Visualization and mindfulness

Then comes the time for the mental preparation itself, made up of exercises aimed at perfecting their technique. “You can work on visualizing a specific sporting gesture using, for example, mental imagery, quotes Stephanie Pouvreau. Cognitive science has shown that this activates the same areas of the brain as when the athlete physically performs this gesture. This accelerates its anchoring and can also be used to rehabilitate injured athletes by training them to visualize a muscle they no longer use. »

And to regulate their emotions, as enabled by mindfulness meditation, which is popular today among the most recognized athletes, from tennis player Novak Djokovic to footballer Cristiano Ronaldo. By focusing most often on his breathing, “the athlete learns to observe his thoughts to better return to the present moment”, explains Anthony Mette.

The method was used by rowers Hugo Boucheron and Matthieu Androdias, crowned at the Tokyo Olympics and titled Sunday, September 25 at the world championship in double sculls (rowing), to no longer convert the physical pain, necessarily present in an effort to endurance, in psychological suffering. Among his followers is also the French fencer Cécilia Berder, who aims to climb the podium of the Grand Palais, in Paris, a step higher than in Japan.

“Additional pressure” at home?

The framework of Games organized at home can also “create additional pressure”, predicts Delphine Pichard. The opportunity to evolve at home, in front of the French public but also his family and friends, risks inhibiting certain Blues for fear of disappointing, even if the mental coach, in support of certain tricolors in the French pole and triathlon hopefuls , BMX and sailing, recalls that the Paris Olympics are “supposed to bring them an advantage” and does not plan to work on this aspect.

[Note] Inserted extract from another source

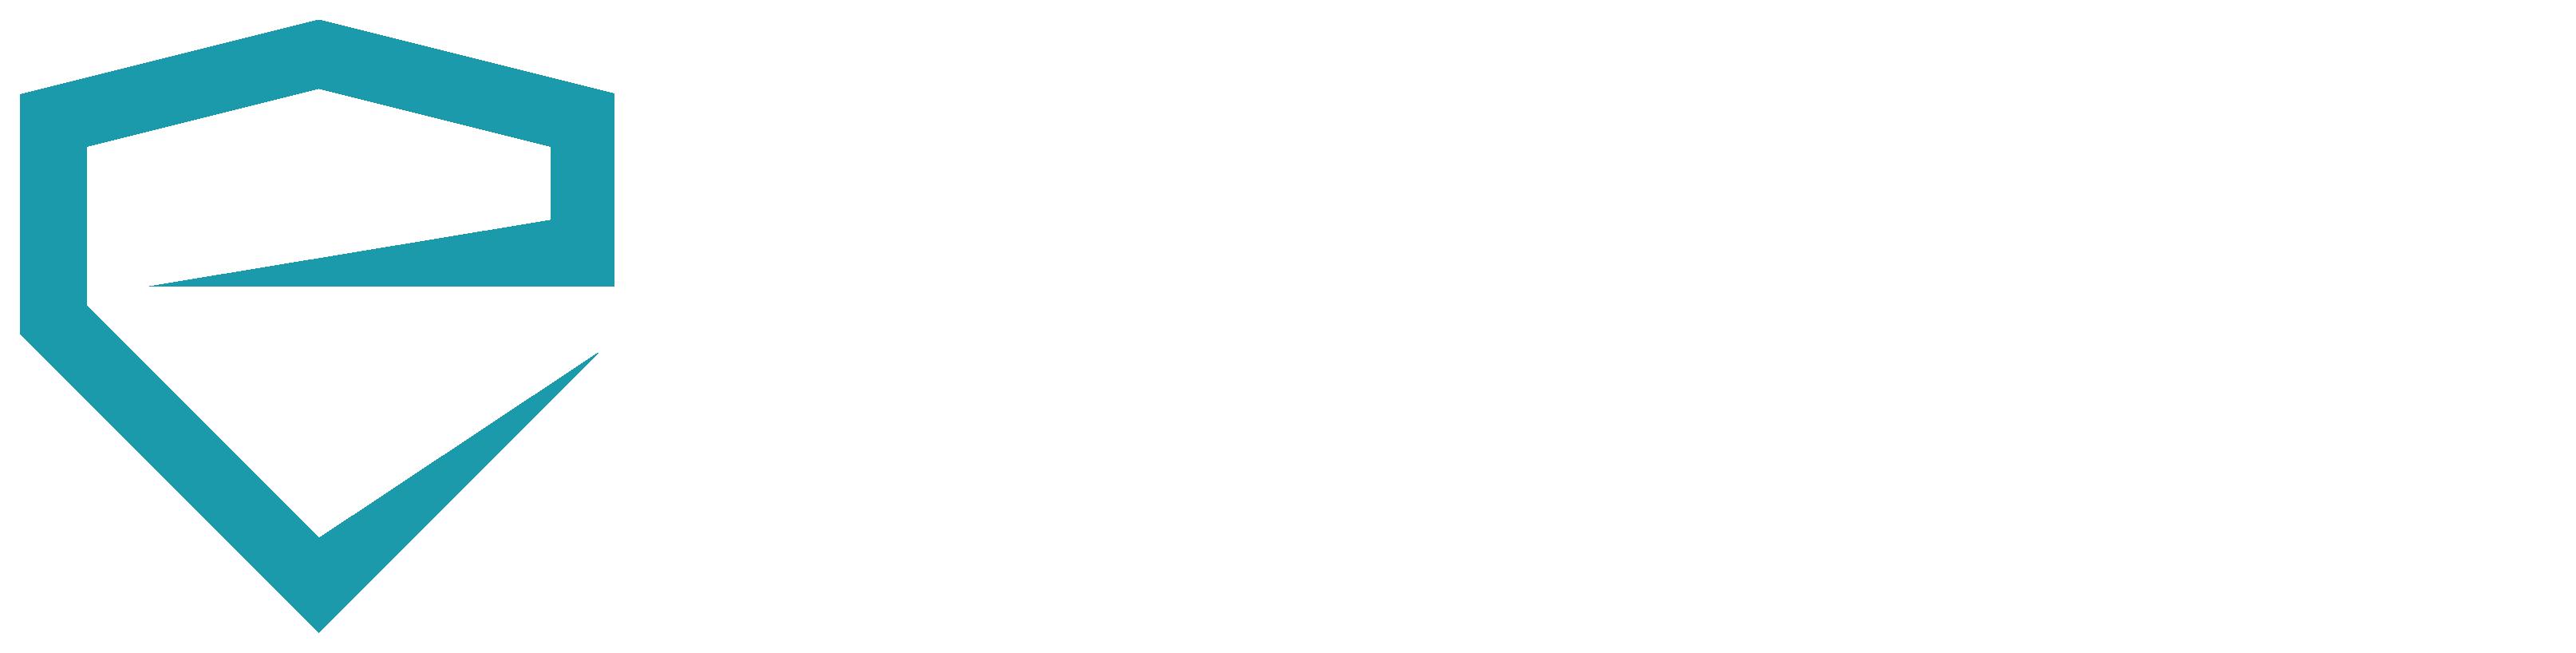 Logo for Entruity Wealth

Unlike the most anticipated French people, such as Léon Marchand after his two gold medals at the last world championships in Budapest in June, and Thomas Sammut counts “to prepare for the media surge that will surround it”. Lest the joy be too intense, or the failure too heavy to bear, “We must not sanctify these games”, he points out.

A way to also prepare for the post-Olympic period, by preventing episodes of post-Olympic depression – including for medalists – long buried in the locker room until the speeches after Tokyo a year ago. “This mental preparation project is linked to the question of the reasons why athletes play sports, says Thomas Sammut. To chase a medal? It is ephemeral and there will be a decompensation when it comes time to put down your suitcases on your way home. Or is it to get to know each other better? »

———–

One in three French athletes does not prepare mentally

The mental accompaniment will be one of the key elements in the performance of French athletes at the next Olympic Games in Paris (July 26 to August 11, 2024).

At the Rio Olympics in 2016, on which the latest barometer from the National Institute for Sport, Expertise and Performance (Insep) is based, 78% of French finalists (those who finished among the top eight in their discipline) and 61% of medalists said to prepare themselves mentally.

However, one in three qualified declared never to do mental preparation, even if this figure exceeds the 52% of athletes questioned in 2014 by Insep in its survey on the rhythms of life of athletes.

Main sticking point according to several coaches, the use of mental trainers takes place outside the framework of the federations concerned for 41% of tricolor athletes.